◆ **Extracted material**
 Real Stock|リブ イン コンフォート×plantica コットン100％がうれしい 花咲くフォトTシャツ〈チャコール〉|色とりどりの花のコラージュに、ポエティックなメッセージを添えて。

---

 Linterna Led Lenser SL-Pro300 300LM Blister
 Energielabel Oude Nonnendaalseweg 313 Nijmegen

◆ **Exercise**
In the listing above, find the line with "Linterna Led Lenser SL-Pro300 300LM Blister" and the line with "Energielabel Oude Nonnendaalseweg", then print exactly those two lines and every line between them, and nothing more.

◆ **Answer for this exercise**
 Linterna Led Lenser SL-Pro300 300LM Blister
 Energielabel Oude Nonnendaalseweg 313 Nijmegen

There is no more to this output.